Duluth, Minnesota - Utilities

Utilities

Duluth gets electric power from Duluth-based Minnesota Power, a subsidiary of ALLETE Corporation. Minnesota Power produces energy at generation facilities located throughout northern Minnesota and a generation plant in North Dakota. The latter supplies electricity into the MP system by the Square Butte HVDC line, which ends near the town.

Minnesota Power primarily uses western coal to generate electricity, but also has a number of small hydroelectric facilities, the largest of which is the Thomson Dam southwest of Duluth on the St. Louis River.

In December 2006, Minnesota Power began purchasing all the energy generated from the new 50-MW Oliver Wind I Energy Center built by NextEra Resources near Center, N.D. In 2007, Minnesota Power entered into a second 25-year wind power purchase agreement with NextEra. A 48-MW facility was built adjacent to the initial Oliver County wind farm, and the new generators began commercial operation in November 2007.
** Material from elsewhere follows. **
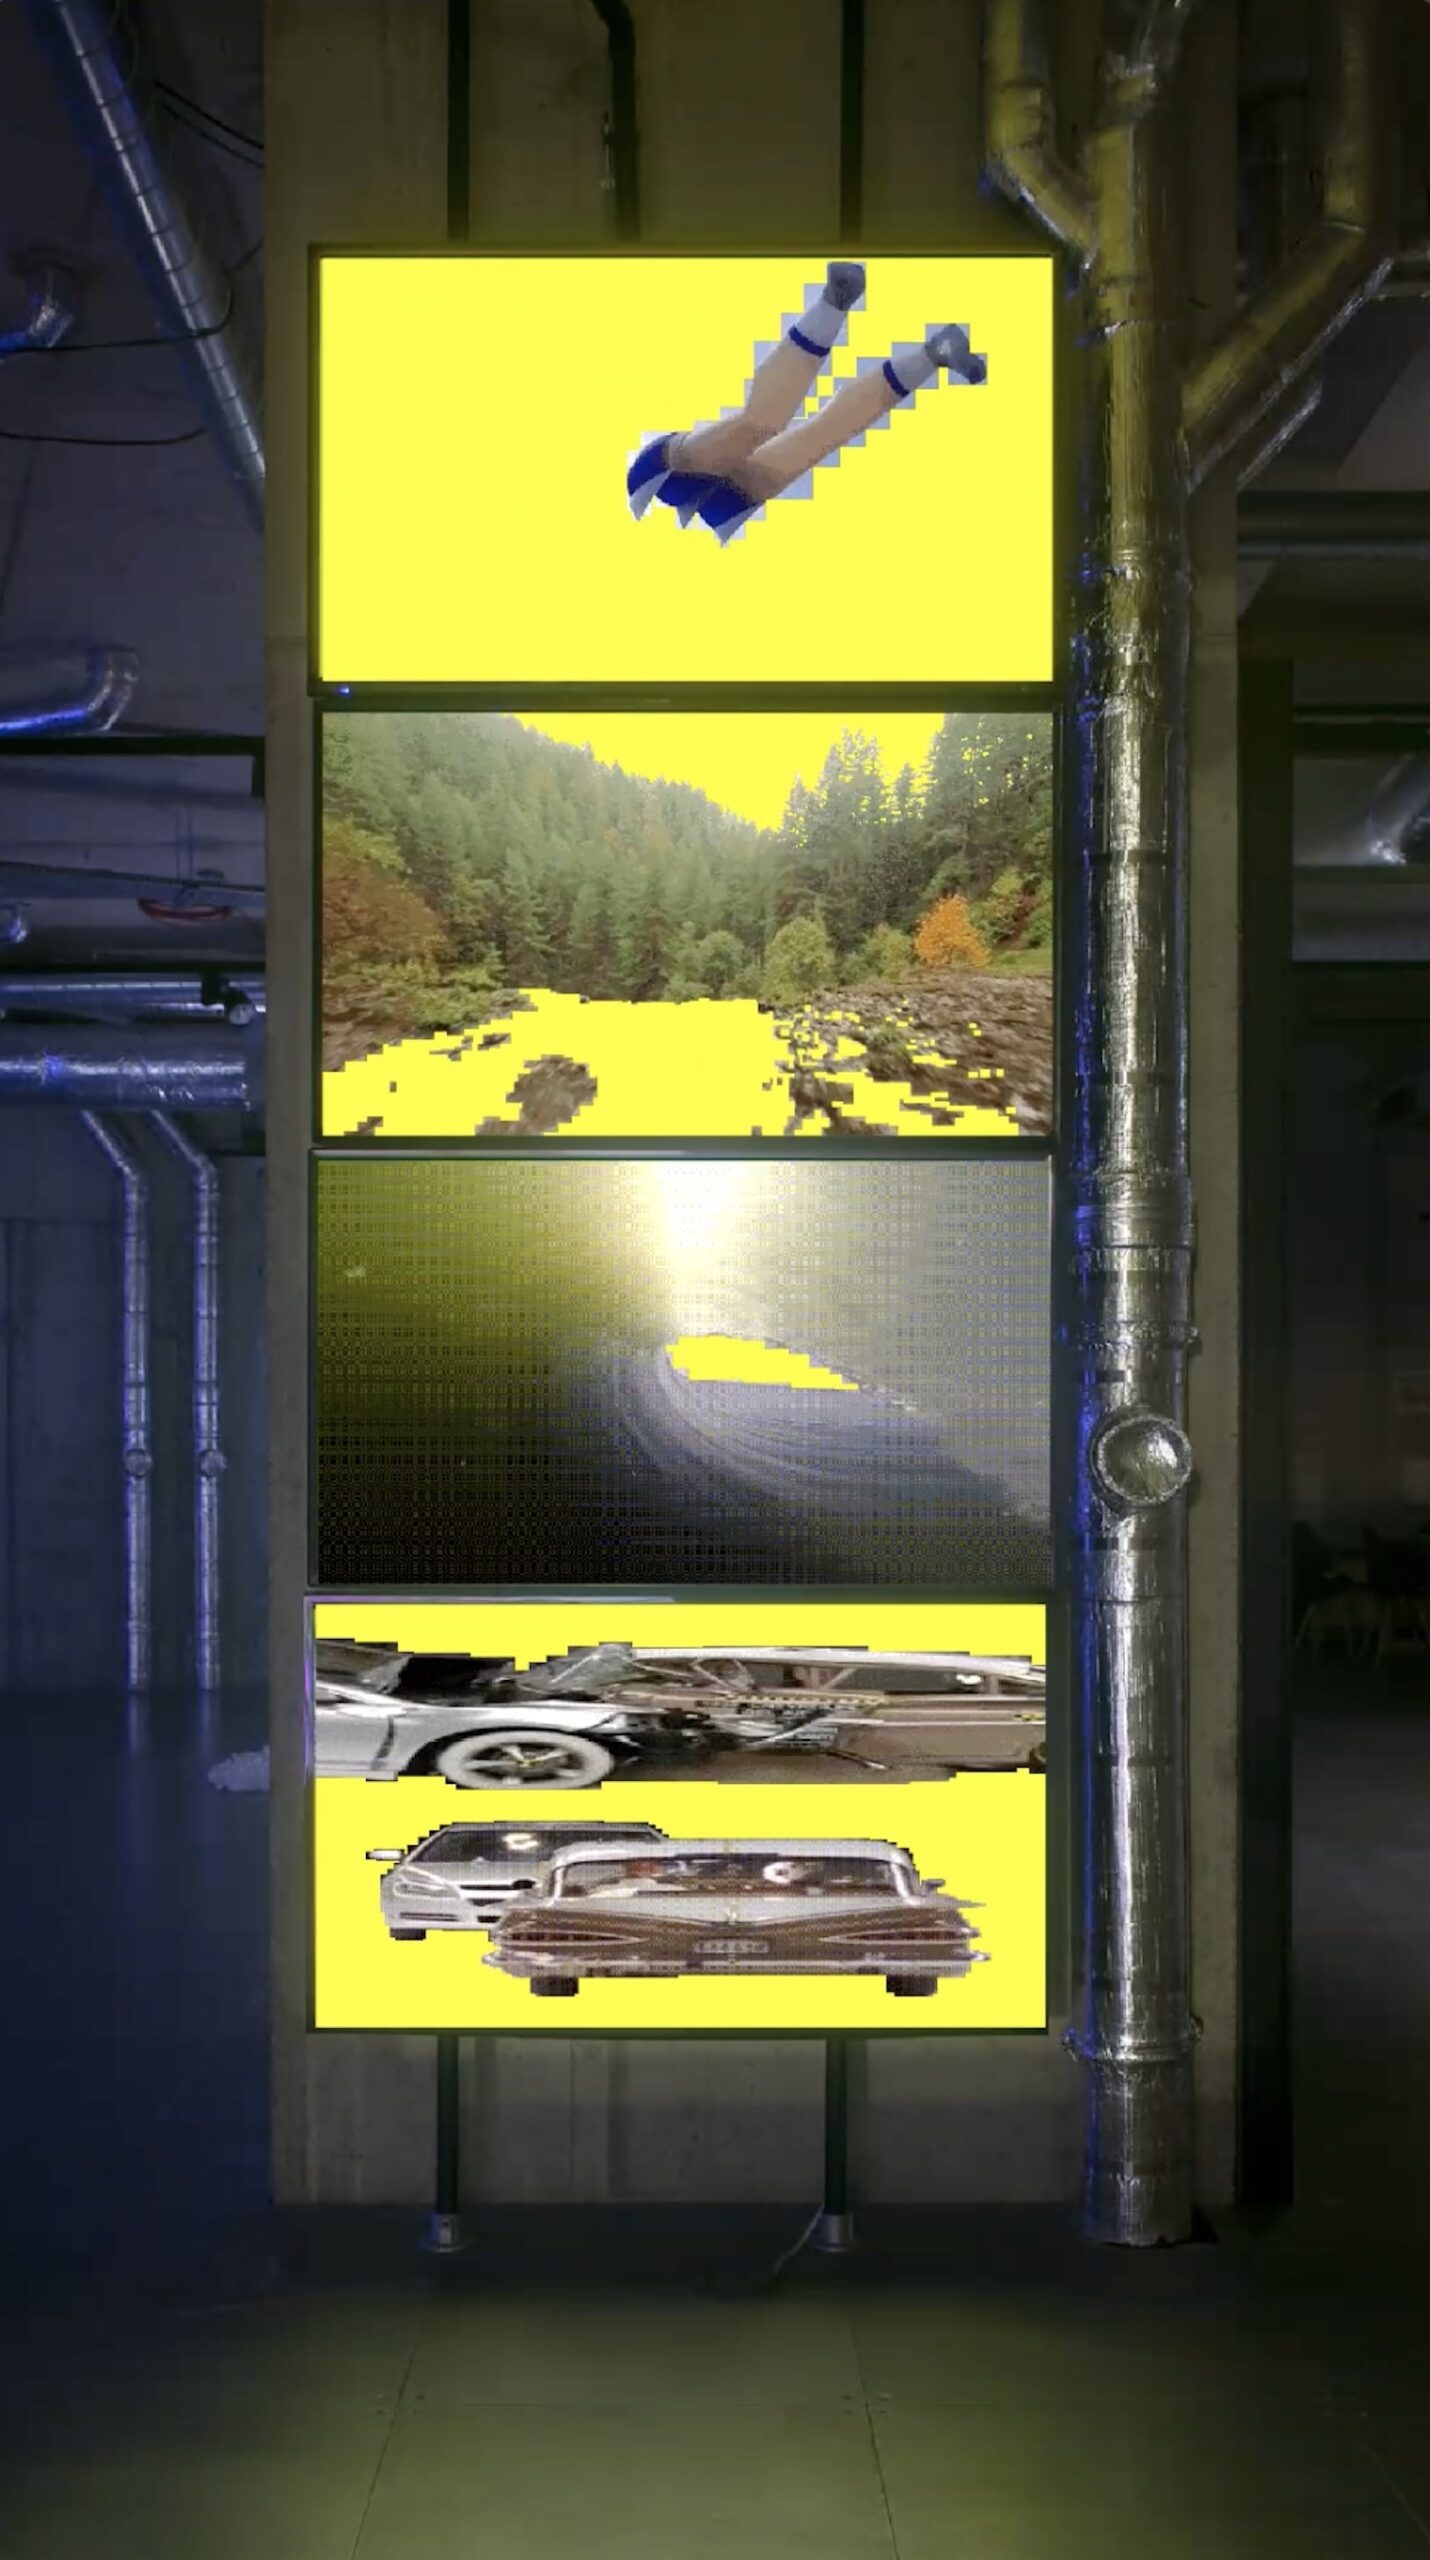 A photo of a video installation made up of four stacked flat-screen monitors each showing fragmented images on a bright yellow backdrop

Construction began in 2010 on the 76-MW Bison Wind I Energy Center near New Salem, N.D. Bison I represents the first wave of Minnesota Power-constructed wind farms that will be built in south central North Dakota and linked to Minnesota. by way of a 465-mile direct current (DC) transmission line. ALLETE finalized an agreement Jan. 1, 2010 to purchase a 250-kilovolt DC line between Center, N.D. and Hermantown, Minn. (near ALLETE headquarters in Duluth) and phase out a long-term contract to buy coal-generated electricity now transmitted over the line.

Duluth has recently become, because of the wind energy demand, a port for wind energy parts shipments from overseas and the hub for shipments out to various wind energy sites in the midwest.